Review: Maximo iP-HS1 iMetal Stereo Headset for iPhone
Company: Maximo Products LLC
Product Name: Maximo iP-HS1 iMetal Stereo Headset for iPhone
Website: Maximo Products LLC
List Price: US$70
V-Moda’s series of metal earphones—the $50 earbud Remix M-Class, and the $100 in-canal earphones Vibe and Vibe Duo—have inspired both copycats and similar but not identical competitors. Maximo’s iP-HS1 and iP-HS2 ($70 each) are thankfully in the latter category, based on the same “metal is cooler than plastic” premise, but with their own distinct looks and benefits. One benefit: like V-Moda’s Vibe Duo, but unlike Remix M-Class and Vibe, both are fully iPhone-ready, with integrated microphones and call/audio control buttons built into their cables, and headphone plugs that work with the iPhone and iPod alike. Another: the Maximo earphones each sell for $70, lower than the Vibes.

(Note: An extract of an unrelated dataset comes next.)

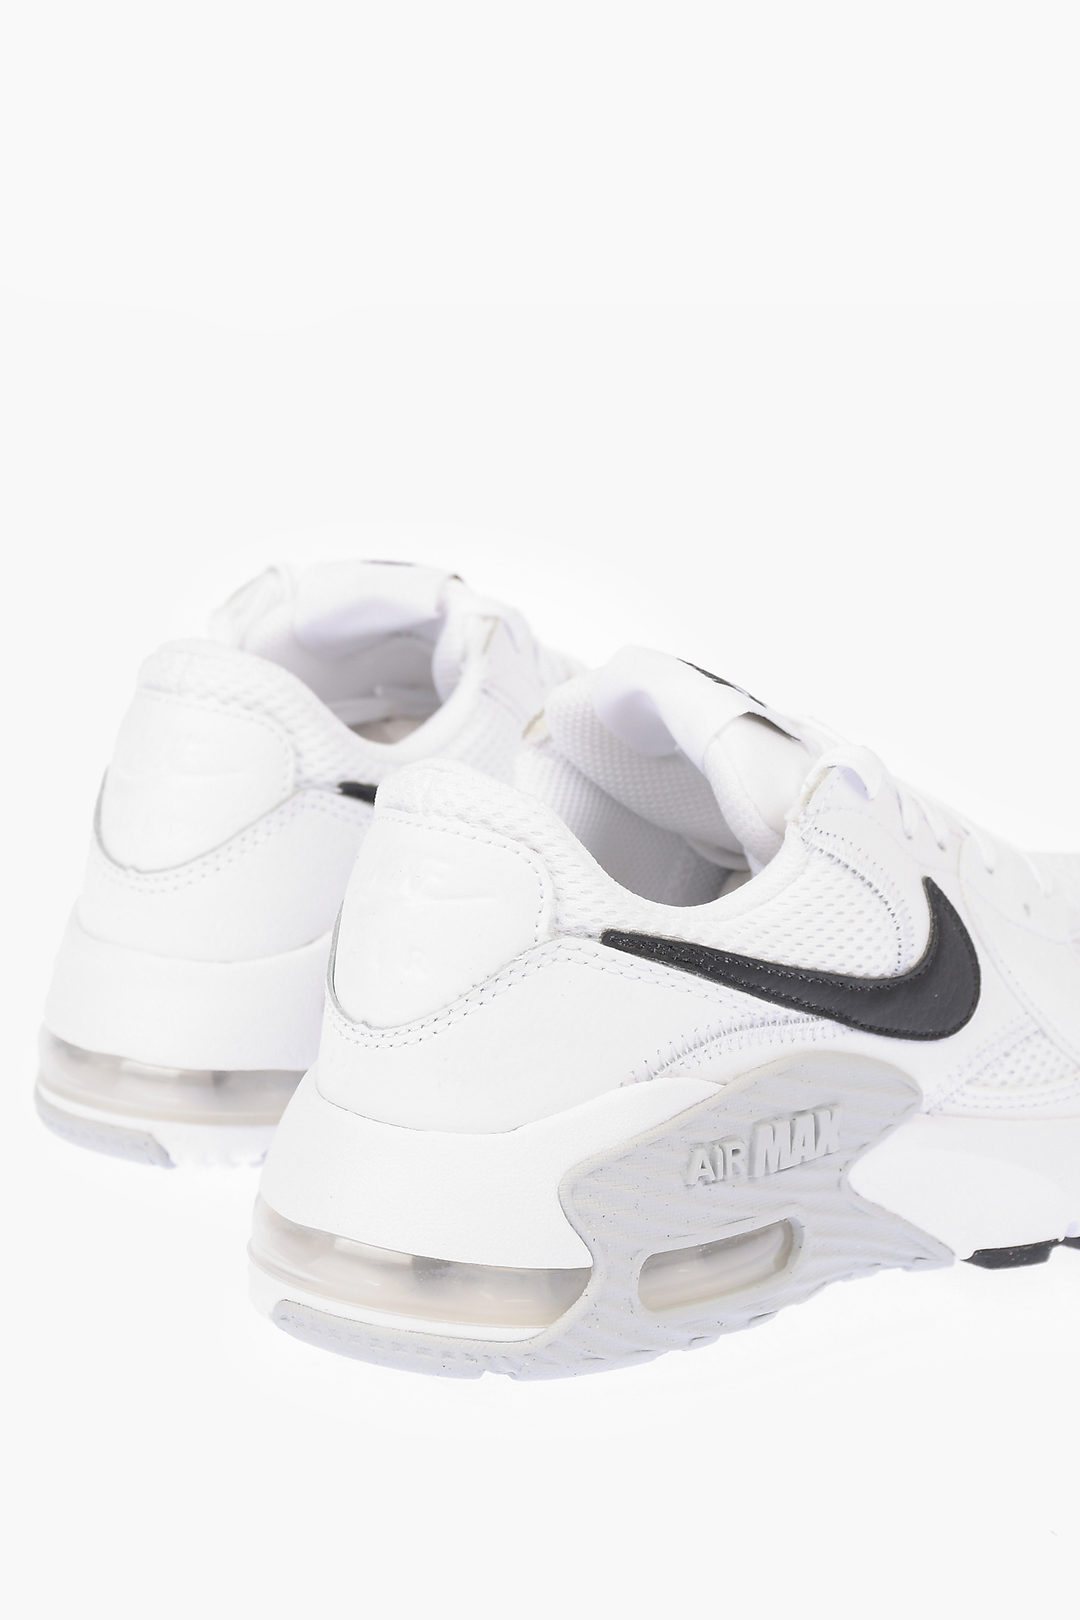 in de rij gaan staan Voorzitter mechanisch Nike Fabric and Leather AIR MAX EXCEE Sneakers women - Glamood Outlet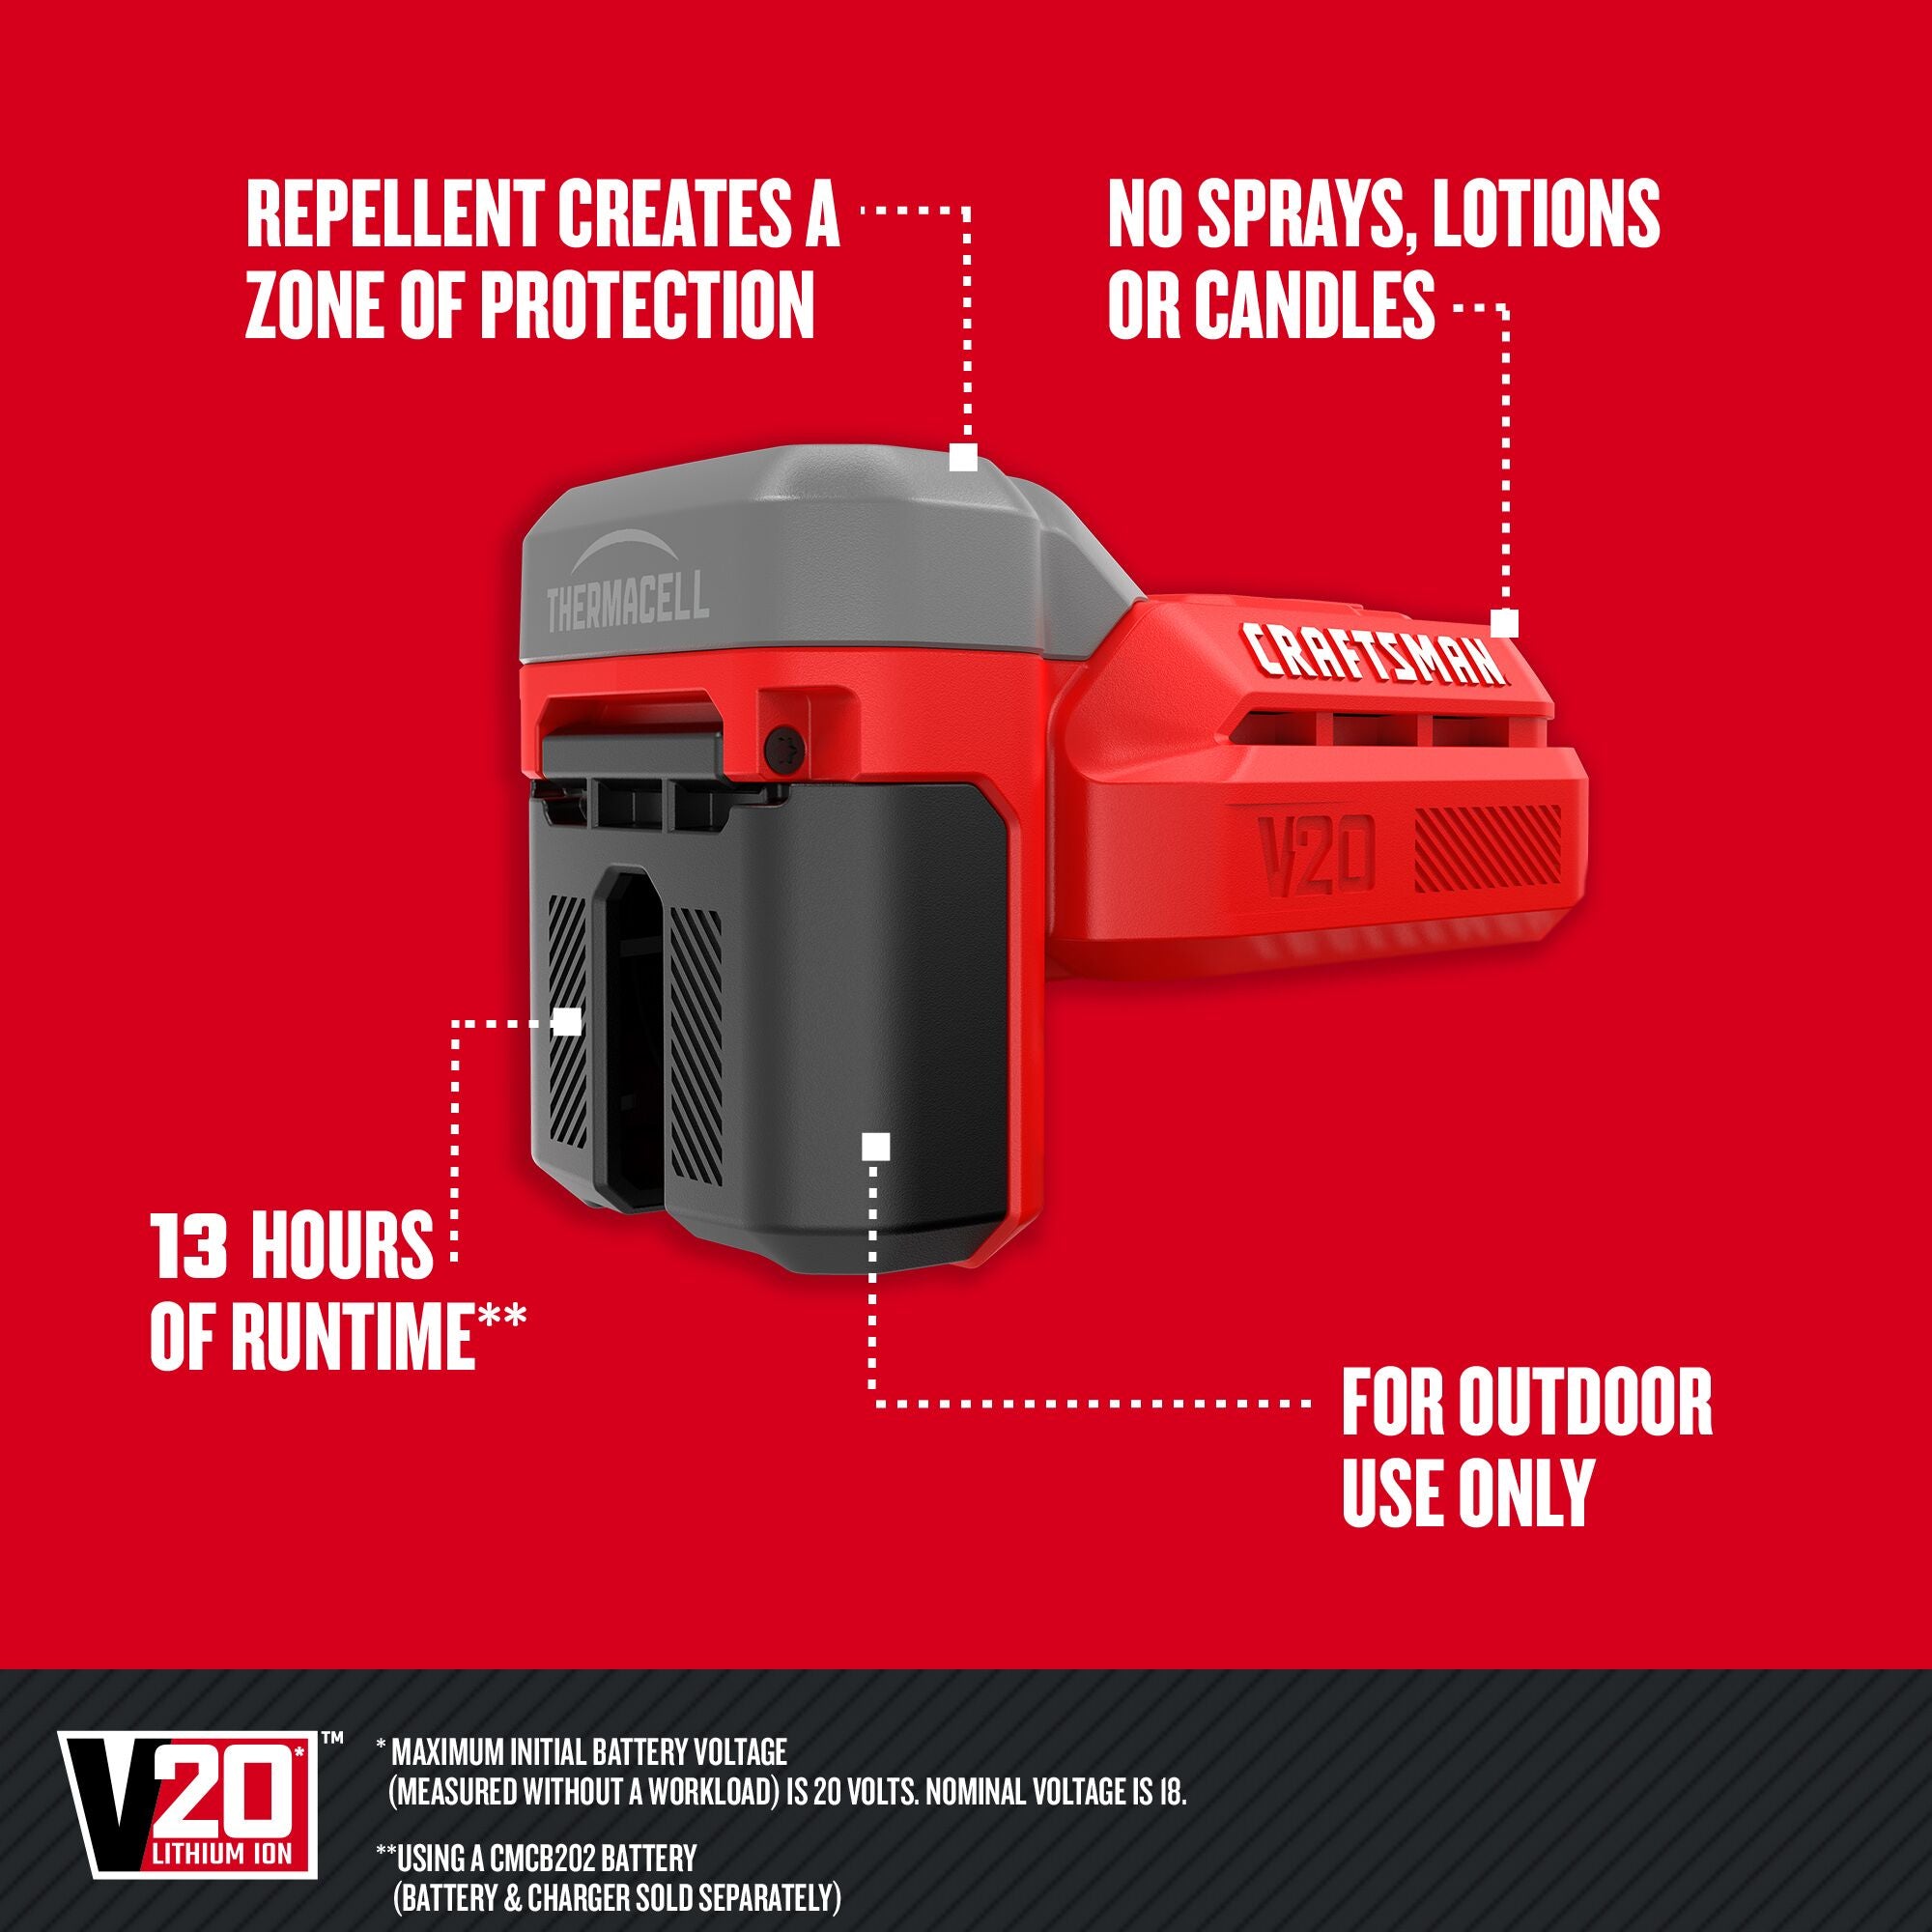 CRAFTSMAN V20 Mosquito Repellent 2 pack info graphic

Whether you see that price as a steal or a cash grab will depend on the options you’re familiar with. As Maximo’s alternative to Apple’s classic iPod earbuds, iP-HS1 is a $70 earbud competing against plastic products that typically sell for $20 to $30; Apple’s past and current iPod and iPhone pack-ins sell for $29, with the newer iPhone version including the same microphone and control features found in iP-HS1. And Maximo’s earbud design is a throwback: rather than using the newer, sleeker shape of Apple’s 2006 earbuds, it falls back to the classic quarter globe and stem design that Apple and myriad competitors used to use; iP-HS1 reminds us visually of Audio-Technica’s ATH-CM3, an early iPod mini-matching design we reviewed back in 2005.
But as important as style may be to premium-priced, metal earphones, judging them by sight rather than sound isn’t entirely fair. Here, after several hours of manufacturer-recommended burn-in time, we found iP-HS1 to be fine, not spectacular by current iPod or iPhone earbud standards. Callers told us that the microphone, dangling here from the left earbud rather than the right, sounded almost as good as Apple’s, and a little better than V-Moda’s Vibe Duo microphone, doing a better-than-Vibe job of filtering background noise, but not providing as crisp and intelligible of a sound as Apple’s mic; one caller described the differences as noticeable but relatively minor.
On the listening side, iP-HS1 was also a little short of the current Apple earbud experience in clarity and treble response, but otherwise similarly balanced, which we liked. Some earphones, including V-Moda’s Remix M-Class, attempt to expand upon the performance of Apple’s stock earbuds by offering slightly punched up levels or a hint of reverberation for added sonic impact, but iP-HS1 is a more neutral earphone in this regard, and a little flat by comparison with more aggressively tuned competitors. Though there’s not a ton of bass—a common complaint in earbud-style designs—what’s here sounds good, but there’s nothing else to really make the sound stand out. We’d call the overall audio performance good enough not to impede regular enjoyment of our music, but not great by traditional earbud standards.
The only major design feature we really liked in iP-HS1 was Maximo’s approach to call/audio control: unlike Apple, V-Moda, and most of the other companies making iPhone-compatible earphones, Maximo separated its control button from its microphone, placing the former at the junction of the left and right earbud cords, and the latter in a tiny globe near mouth level on the left cord. This button location is a natural for easy control of calls and song playback, while the microphone’s position is similar to Apple’s, and a little higher than V-Moda’s, helping to pick up your voice rather than your surroundings. More companies should consider using Maximo’s approach.
For $70, we tend to expect more out of an earbud than a difference in materials—a manufacturer needs to decidedly best Apple’s less expensive offerings on sound, style and/or frills, and though Maximo has tried here, it’s hard for iP-HS1 to eclipse the more interesting, isolating iP-HS2 in this regard. All you get in the package is a single pair of foam ear covers, a simple, drawstring-style carrying case, and a 2-foot extension cable, none of which adds a lot, and though the iP-HS1 earbuds are visually interesting, their Frankenstein-styled circled stem connectors aren’t going to appeal to everyone. At this price, we’d pick iP-HS2 any day over iP-HS1, but if you insist upon the older earbud-style design, and prefer buds that are larger and heavier than Apple’s current iPod or iPhone pack-ins, consider this as a possible option.